When running locally, the tensorflow/models/research/ and slim directories should be appended to PYTHONPATH. This can be done by running the following from tensorflow/models/research/:

# From tensorflow/models/research/
export PYTHONPATH=$PYTHONPATH:`pwd`:`pwd`/slim

Note: This command needs to run from every new terminal you start. If you wish to avoid running this manually, you can add it as a new line to the end of your ~/.bashrc file. (I tried adding this to .bashrc profile and for some reason it never worked, but it's managable)

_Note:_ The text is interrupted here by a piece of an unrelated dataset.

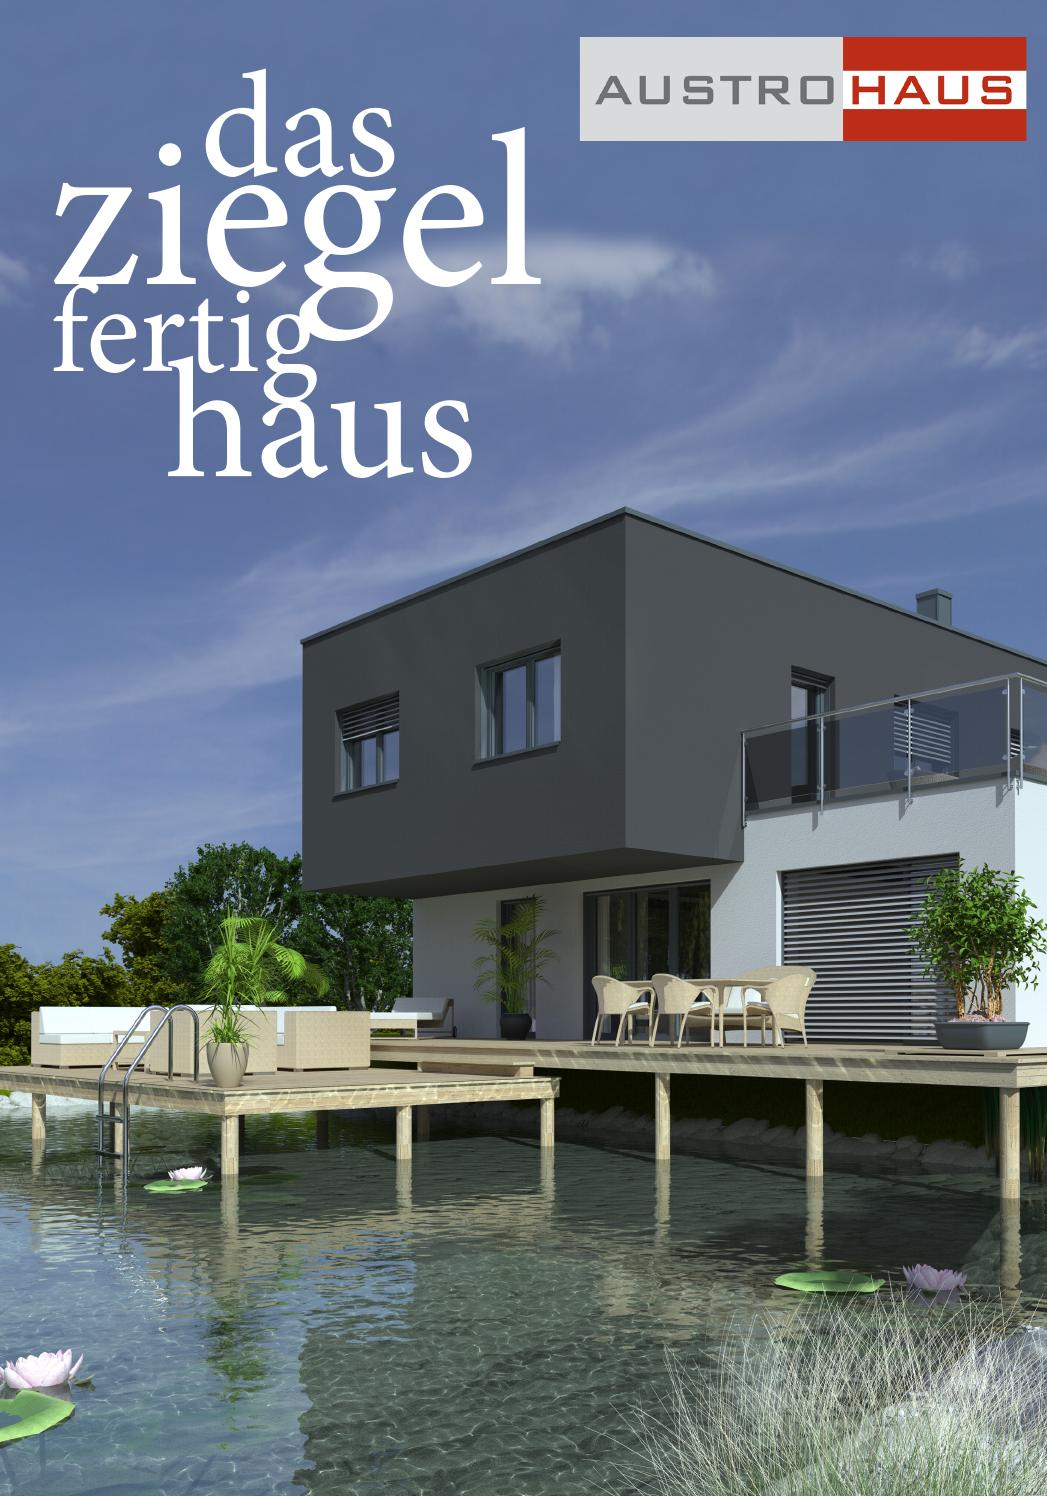 katalog austrohaus 2015 by etzi haus issuu. Black Bedroom Furniture Sets. Home Design Ideas

Finally, install the object_detection library by navigating to the directory models/research, and running

sudo python setup.py install

In order identify custom objects, the model will need training data. You can use Google's image search and download images of the object and save them to a dedicated directory. For my own project, the images I trained on were taken from videos, and I used the MoviePy (pip install moviepy) library to extract one image every second from the video as follows:

from moviepy.editor import VideoFileClip
filename = 'MyVideo'
video = 'path/to/file/' + filename + '.mp4'
clip = VideoFileClip(video)
for second in range(int(clip.duration)):
        clip.save_frame('images/' + filename + '_' str(second) + '.png', second)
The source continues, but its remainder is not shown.